Many Readers Were Able To Name That Problem
No names were mentioned Tuesday when Bagpipes invited readers to discuss rancor on the Spokane City Council.
Nevertheless, one came up when the responses began: Chris Anderson.
“It is comforting to have an official on the City Council that demonstrates the frustration that so many of us endure,” said Alan Letourneau of Spokane. “When we holler, nobody listens. When Chris Anderson hollers it seems to get a lot of attention.”
Other callers were less tolerant of the combative council encounters that frequently involve the outspoken Anderson.
“I don’t know why we can’t have truthfulness and frankness and still be nice to one another,” said Bonita Lawhead of Tekoa.
Added Mary Stone of Spokane: “The showboating is just trying to paralyze the governmental process and prove that someone is out to watch in the public’s interest while the rest of the people who maintain civility are theoretically somehow cheating or lying.
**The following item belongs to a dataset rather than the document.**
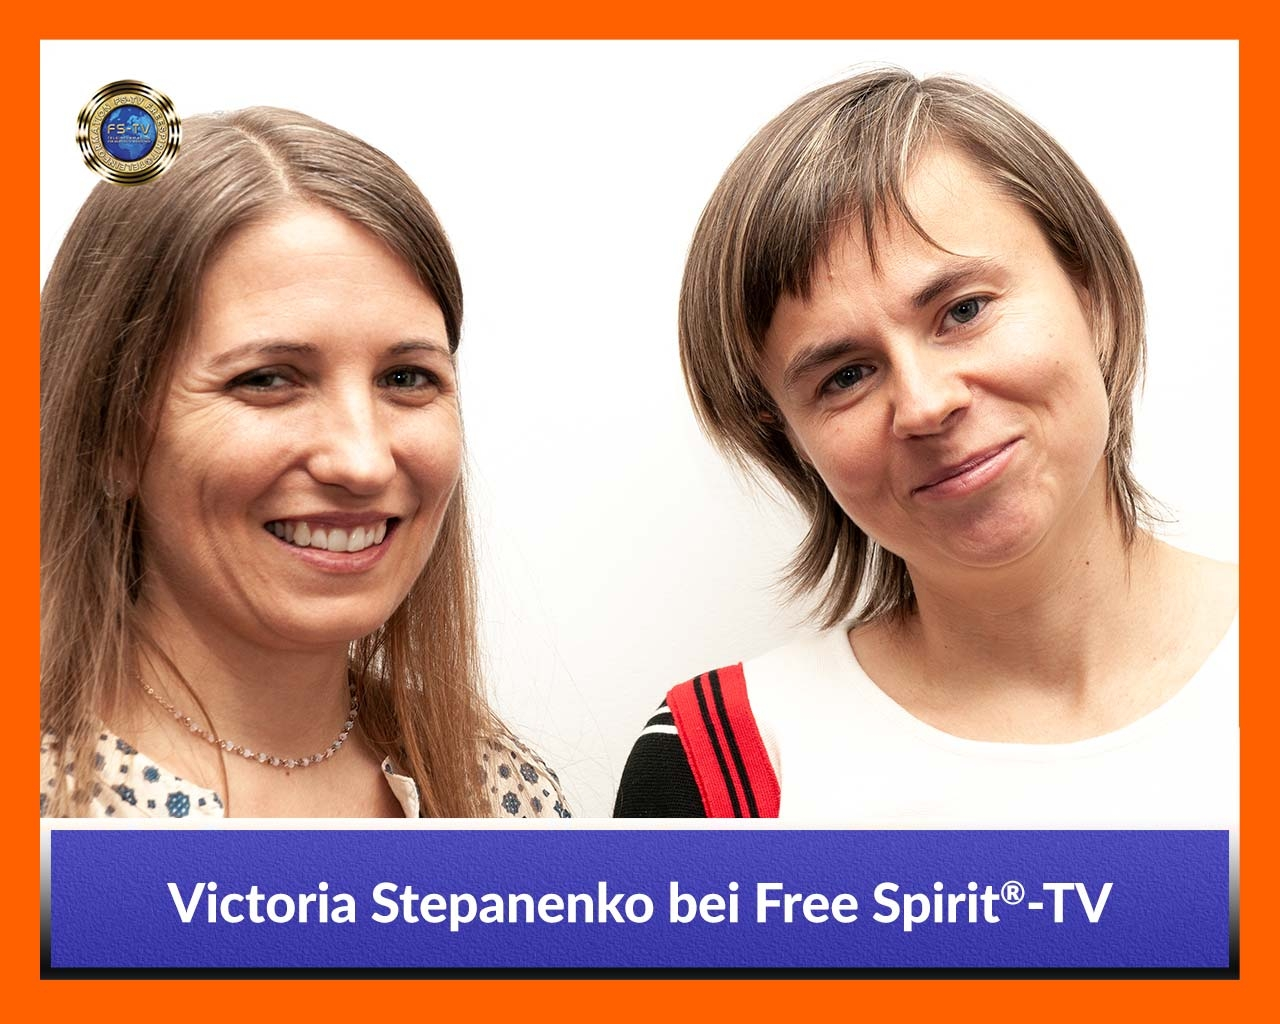 Galleriebild-Victoria-Stepanenko-09

We should not have to deal with that kind of rudeness and incivility.”
Property rights and mobile homes
Spokane County’s decision to allow manufactured and mobile homes in any zone drew contrasting reactions.
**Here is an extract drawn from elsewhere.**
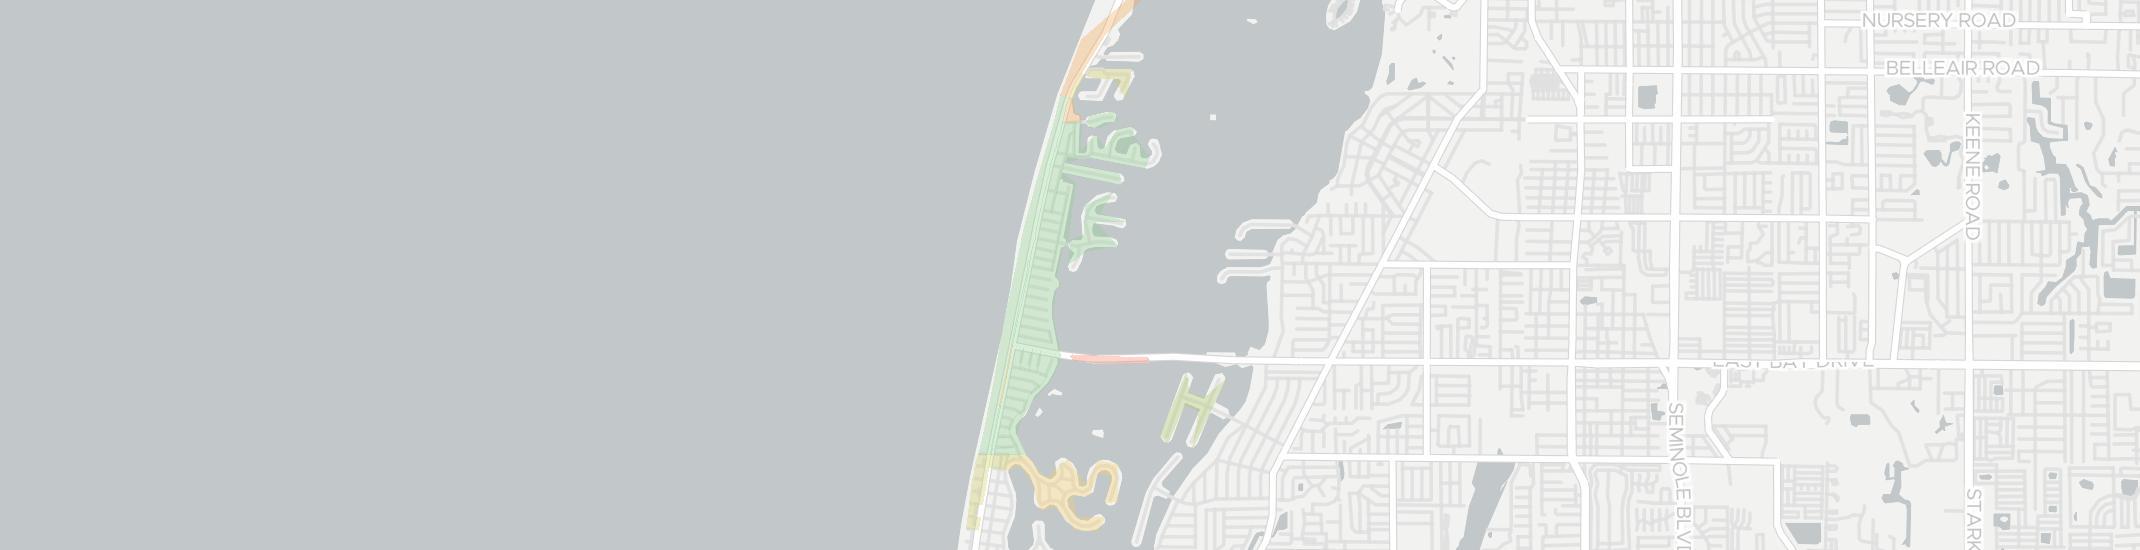 Internet Providers In Belleair Beach Compare 8 Providers

From Mary Benham of Spokane: “It is an insult to all who pay property tax and have invested in valuable property, built valuable homes, and maintained that property to the enhancement of the greater community to have a single-wide trailer of any vintage with no skirting placed directly next door. Is this a photo the Chamber of Commerce would use to advertise quality of life in Spokane?”
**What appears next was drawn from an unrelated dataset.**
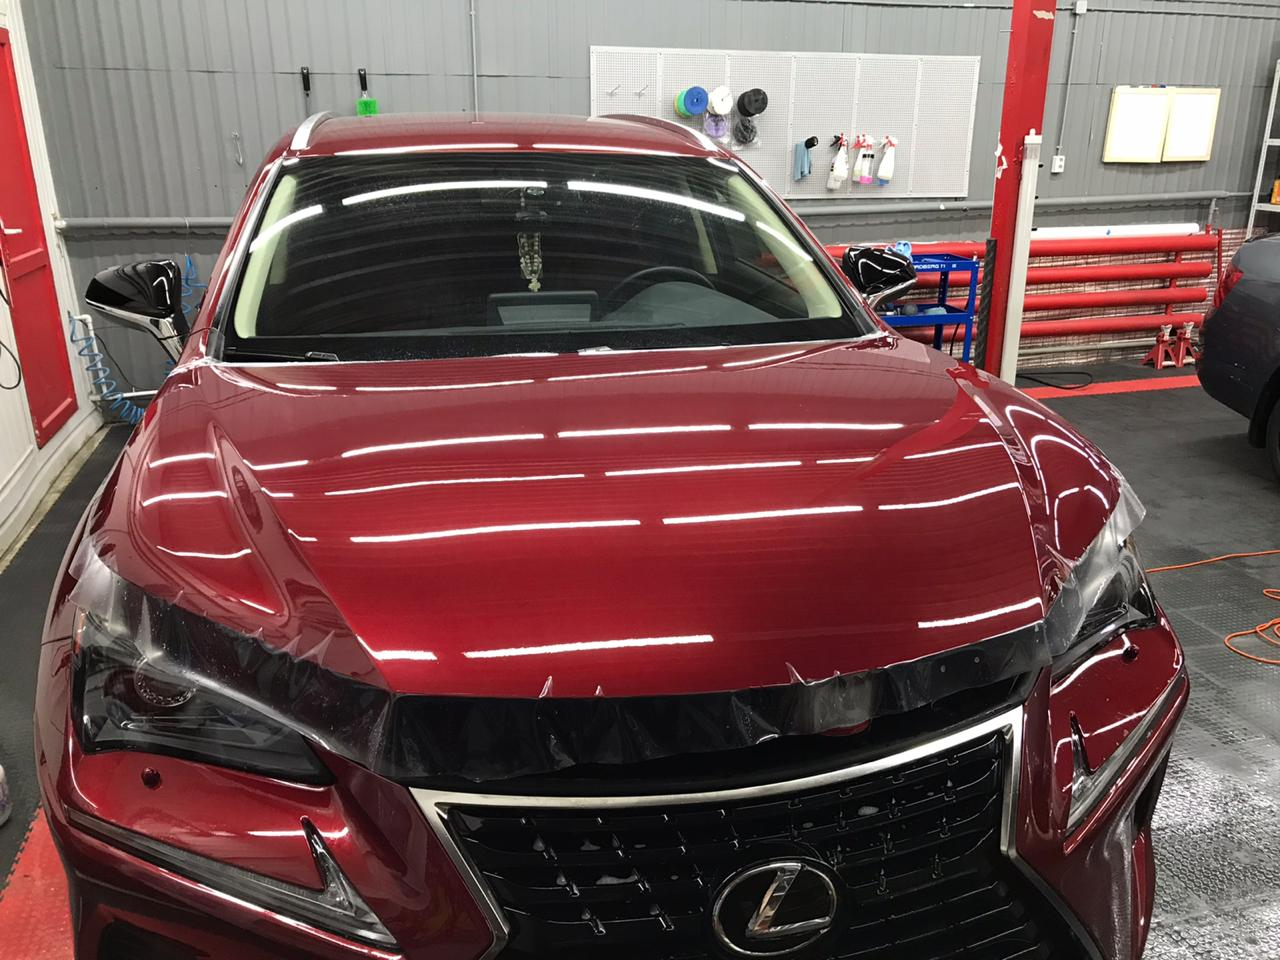 Lexus: Установка антигравийной пленки The Ultimate PPF с эффектом самовосстановления царапин и затертостей от тепла

From Steve Davenport of Spokane, who happens to be a county planner: “It seems as though the people crying the loudest against allowing manufactured homes in neighborhoods are also the people crying the loudest for less government intervention and more personal property rights. Hey, people, if you don’t want a mobile home in your neighborhood, you should buy your neighbor’s lot.”
Let them eat oatmeal.
Prison inmates found little sympathy among Bagpipes readers.
“They should go into prison the first three months or so with no television and no privileges other than sitting in that cell,” said Nancy Parker of Walla Walla. “The privileges - television, the gym, family visitation and any food other than an oatmeal stew - should be earned by their own behavior.”